Settimana scorsa siamo stati in Alto Adige, nello specifico in Val Pusteria. Abbiamo potuto godere di piacevoli passeggiate nella natura con panorami mozzafiato.
La foto ritrae Ale (mio figlio) a 2.400 metri, tra il rifugio Auronzo e il rifugio Lavaredo. Ora, avrei voluto condividere con voi anche una foto di Ale che si gusta un dolce tipico altoatesino in una delle migliori pasticcerie del posto, ma non posso. Perché lì non ci siamo mai entrati a causa di tre gradini.
Quindi ricapitolando, siamo arrivati a 2.400 metri, ai piedi di una delle montagne simbolo delle Dolomiti, ma non siamo riusciti a entrare in un locale di città. Se ve lo state chiedendo, no, non è la prima volta. Anzi, capita più spesso di quello che vorrei e me ne dispiaccio (da padre la frustrazione è tanta) perché nella maggior parte dei casi è solo questione di volontà. Di voglia di pensare a tutti, anche a coloro che, come mio figlio, vivono su una quattroruote.
Ci sono diverse motivazioni insite in ciò, ma secondo me la principale è la mancanza di sensibilità e di esperienza. Poi possiamo nasconderci dietro a tante scuse. Come quando a Como, nel parco di Villa Olmo, non abbiamo potuto godere del “chilometro della conoscenza” a causa di un gradino facilmente rimovibile grazie a una semplice rampa (lavoro di qualche oretta). Dopo aver esposto il problema, come spesso accade in Italia ho vissuto il ping pong delle responsabilità, senza che nessuno mi rispondesse: “sai che c’è, è responsabilità loro, ma mi organizzo io e la risolvo io”. Ovviamente ho dato anche la mia disponibilità a intervenire. Nulla è stato fatto, lasciandoci soli nel chilometro dell’ignoranza…
Un esempio contrario è il piccolo negozietto “Ferro Toso” a Murano. Era il 2020 durante una visita a Venezia (sì, non ci crederete mai, ma anche Venezia è in parte visitabile per una persona in carrozzina). Volendo fare il bellissimo laboratorio di murrine proposto in questo negozio, chiamammo per chiederne l’accessibilità (ogni qualvolta ci muoviamo dobbiamo chiamare per informarci, sigh) con esito negativo. Sapete cosa successe? Il giorno dopo il titolare ci richiamò dicendoci di aver risolto facendo realizzare a sue spese una rampa per permetterci l’ingresso. Oltremodo scusandosi per non averci pensato prima. Non ne era obbligato, ma si è sentito in dovere (morale) di farlo. Sensibilità. Ripagata dal fatto che diverse famiglie di amici sono andate nel suo negozio sotto nostro suggerimento (qui subentra anche un discorso che andrebbe approfondito relativo alle possibili opportunità di business, chissà che almeno il conio possa essere un argomento di interesse per taluni?).

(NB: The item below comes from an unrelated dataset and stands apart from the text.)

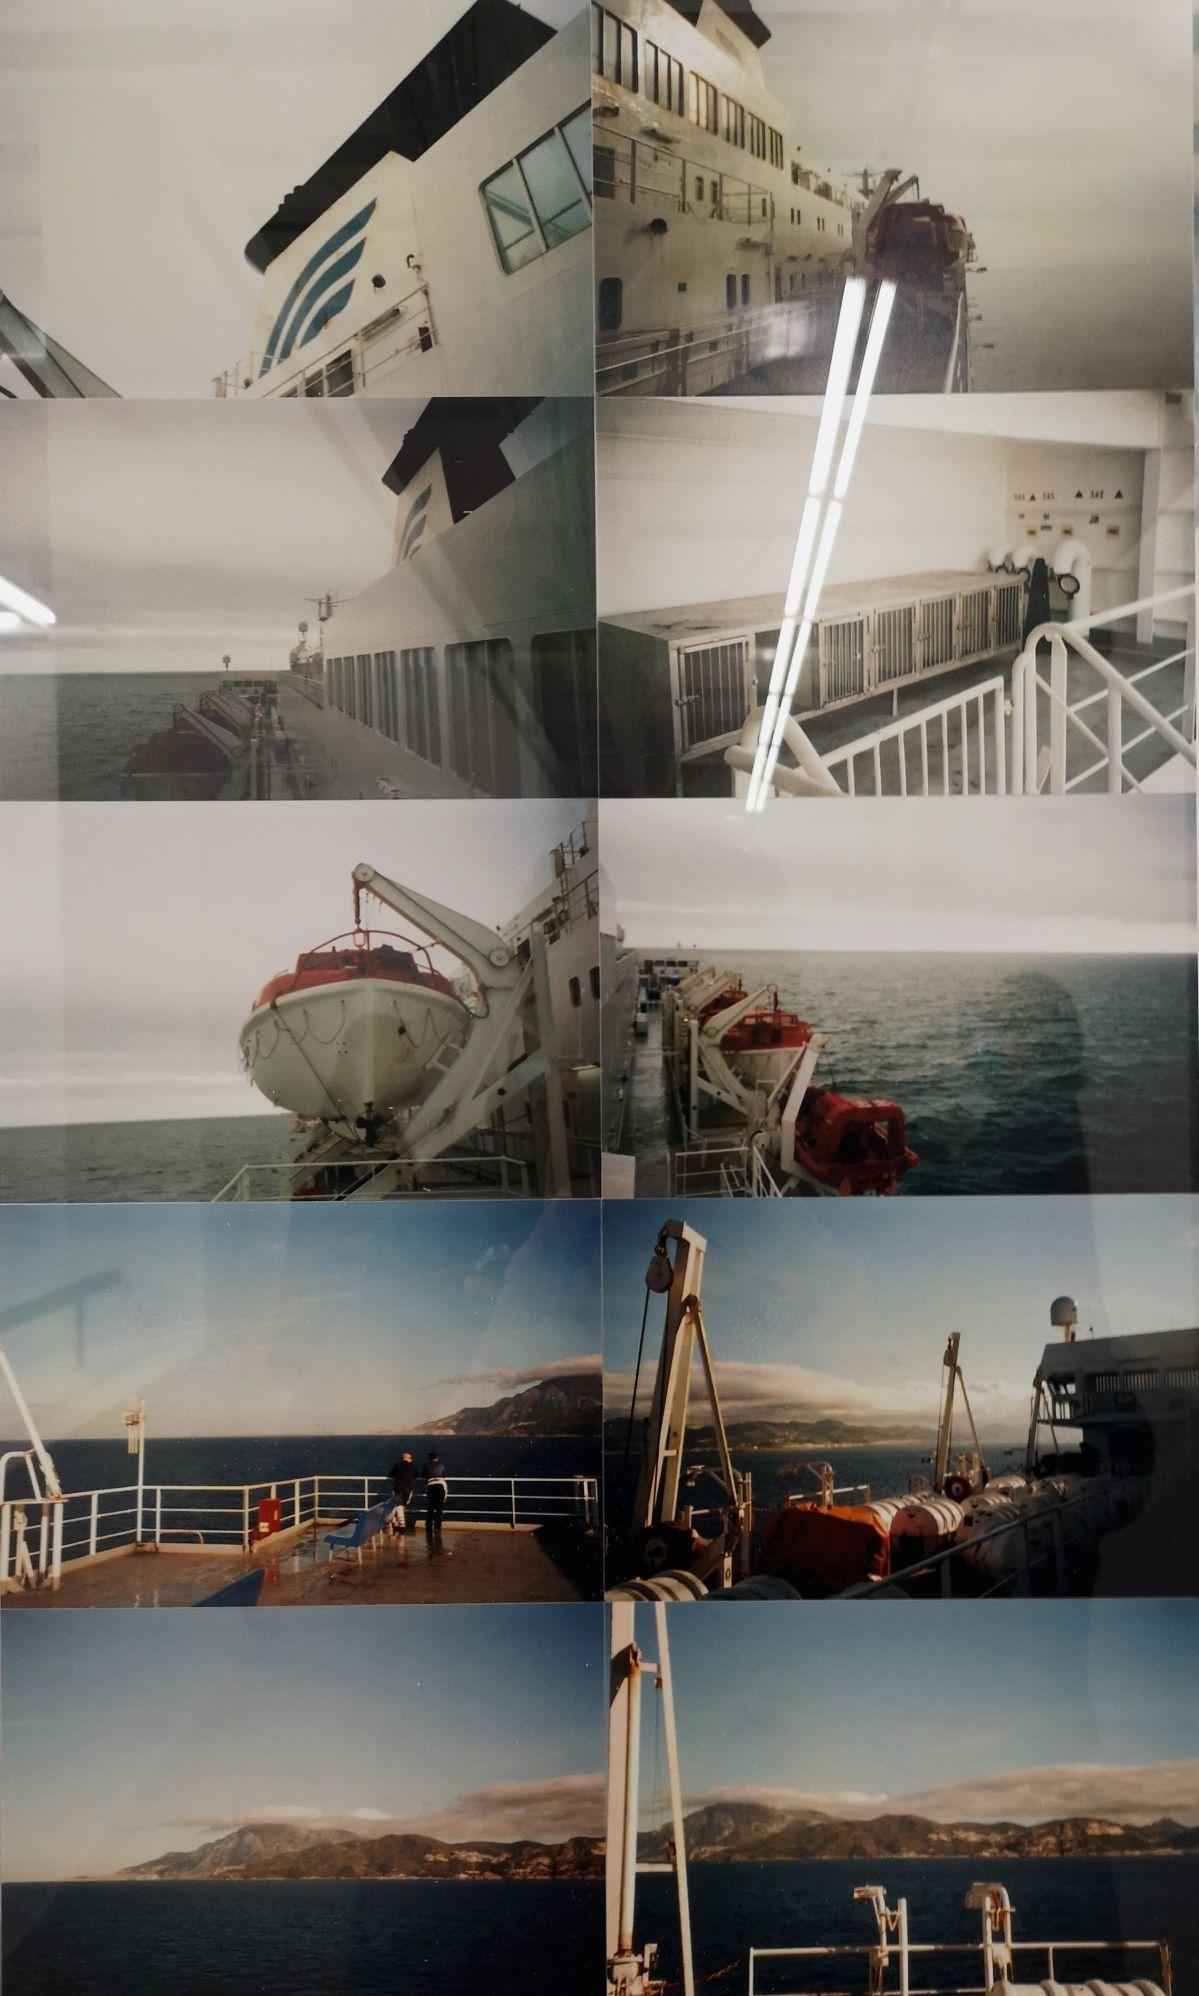 Than Hussein Clark - The Poet James Loop and the Artist Benjamin Edwin Slinger Enact the Mediterranean Crossing Reversal, 2020
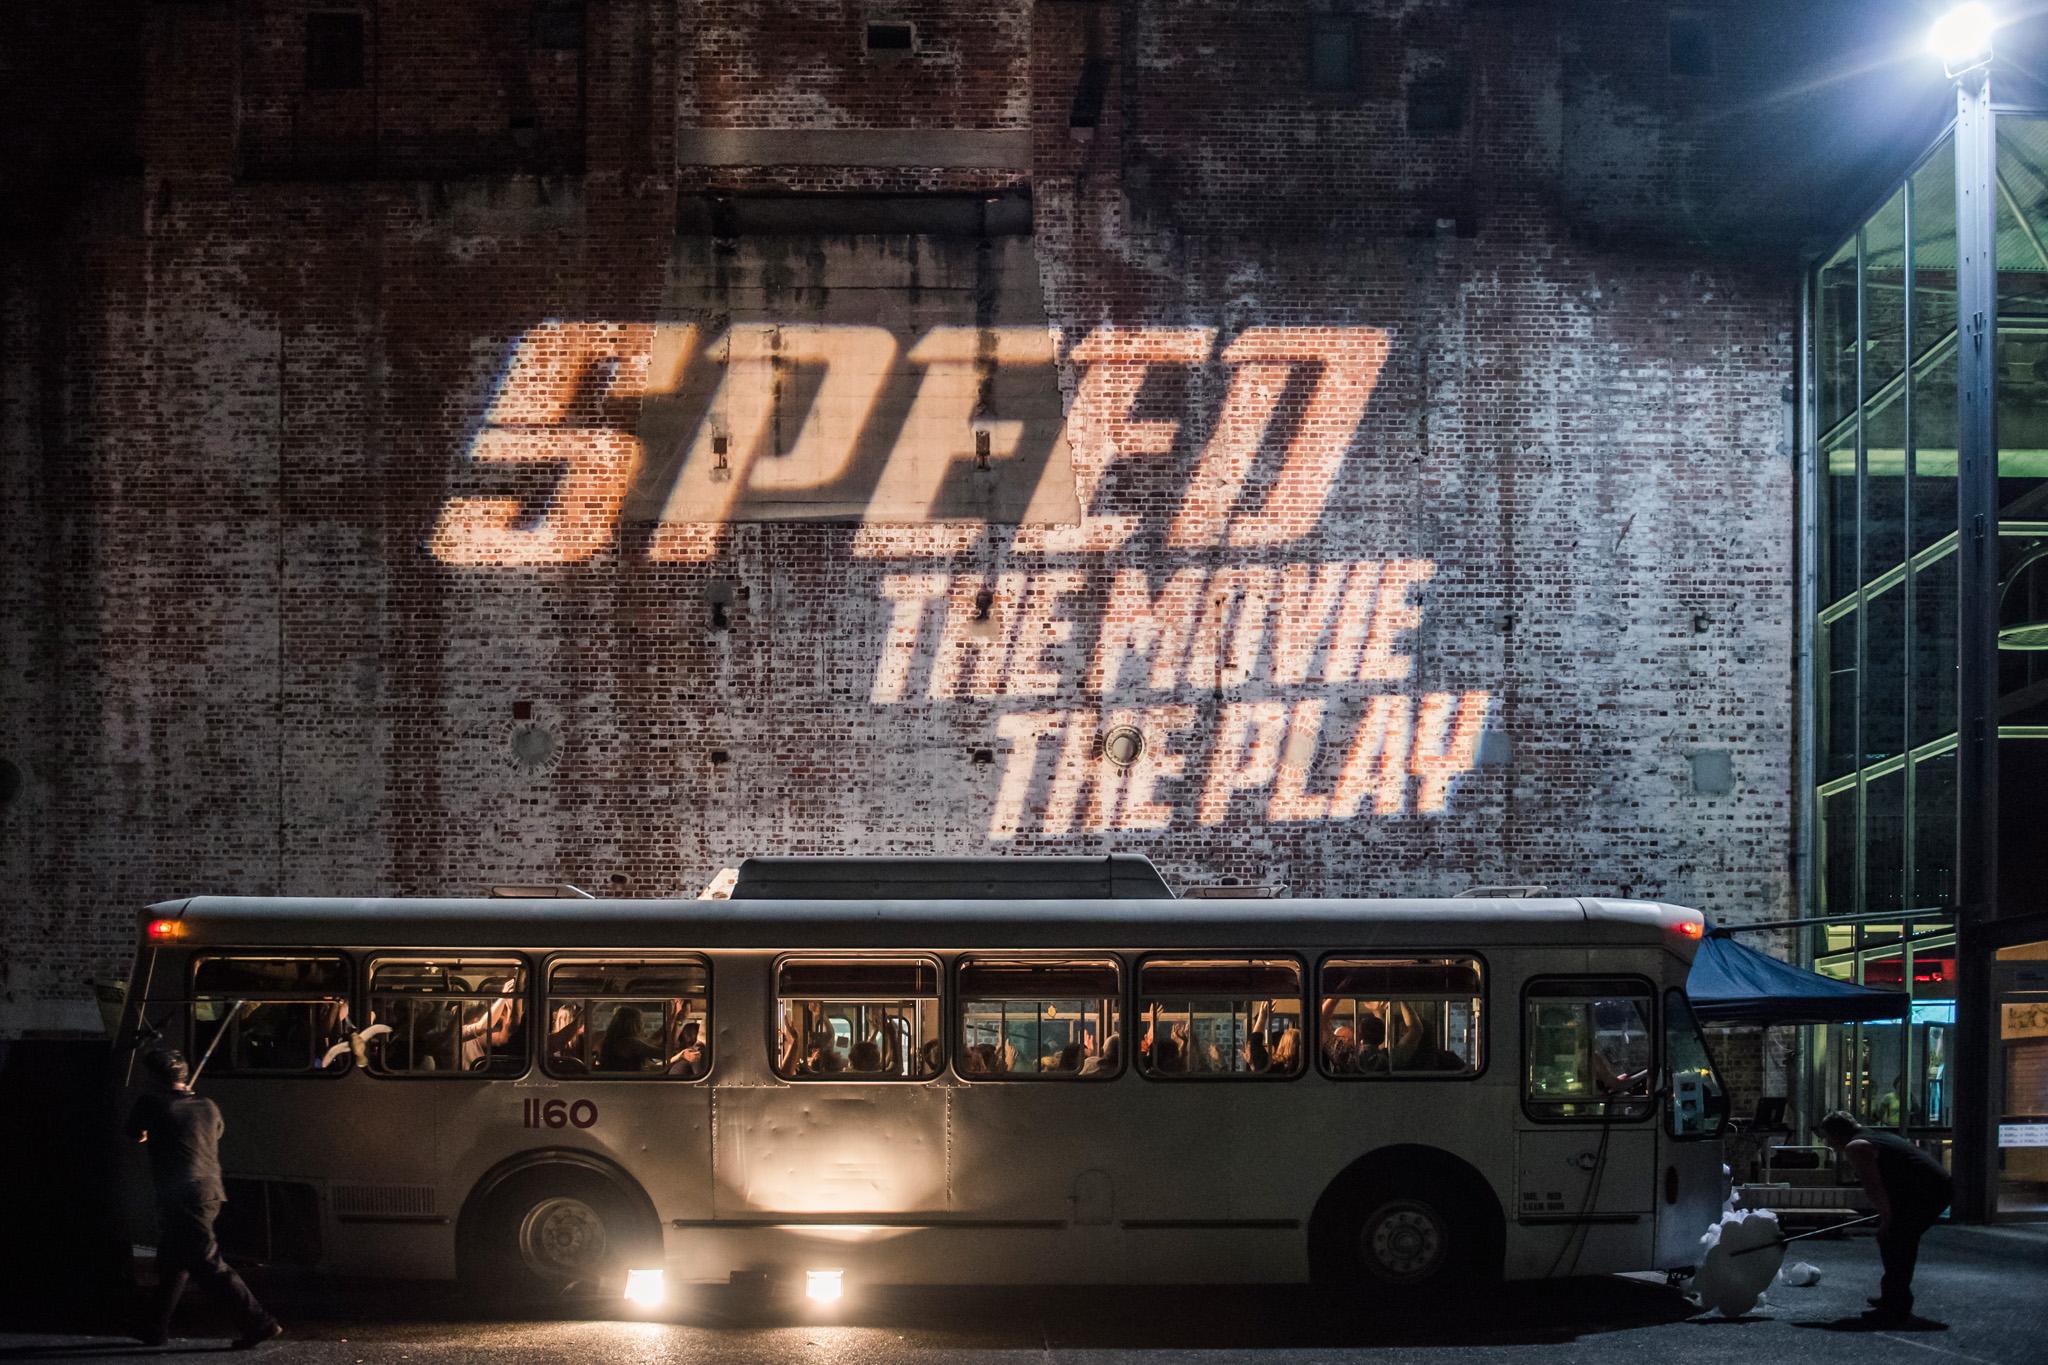 Speed-the-movie-the-play-20 (1).jpg

Tornando all’Alto Adige, non credo comunque che le passeggiate agibili che abbiamo fatto siano state pensate per persone disabili come noi. In realtà la sensazione è che tali spazi siano stati realizzati per ciclisti e famiglie con bambini in passeggino. Grazie a queste due tipologie di turismo possiamo ambire anche noi a un minimo di percorsi agibili. Perché dico questo? Perché se fossero stati pensati anche per noi, non troveremmo a un certo punto il gradino o l’impedimento alla prosecuzione nel percorso. Se fossero pensati anche per noi, quelle piccole barriere architettoniche che, per un passeggino o una bicicletta non sono un problema, sarebbero comunque stati eliminati.
E non vale il “non ti preoccupare, vieni che poi ti aiutiamo noi, in due o tre alziamo la carrozzina”. Grazie, ma no e le motivazioni sono le seguenti:
- Concettualmente è sbagliato l’approccio. Fate com Ferro Toso, risolvete il problema alla radice.
- Ma a voi piacerebbe sentirvi ancora più “diversi”? Inclusione significa eliminare le distinzioni. Un’entrata laterale, una rampa “solo” per disabili, addirittura un’altalena solo per disabili NON sono la soluzione. Tanto meno essere presi di peso e trascinati per poter entrare in un negozio o in un locale.
- Avete idea di quanto pesa la carrozzina elettrica di Ale?!
Se volete aiutare Ale e quanti come lui hanno necessità speciali, l’unico modo è iniziare a pensare veramente alle esigenze di tutti. Si chiama #universaldesign o #design4all. Vedete voi quello che vi piace di più. Quello che non cambia è la sostanza: avere in testa le necessità di tutti per far sì che la società sia sempre più inclusiva nei fatti e non solo nelle parole.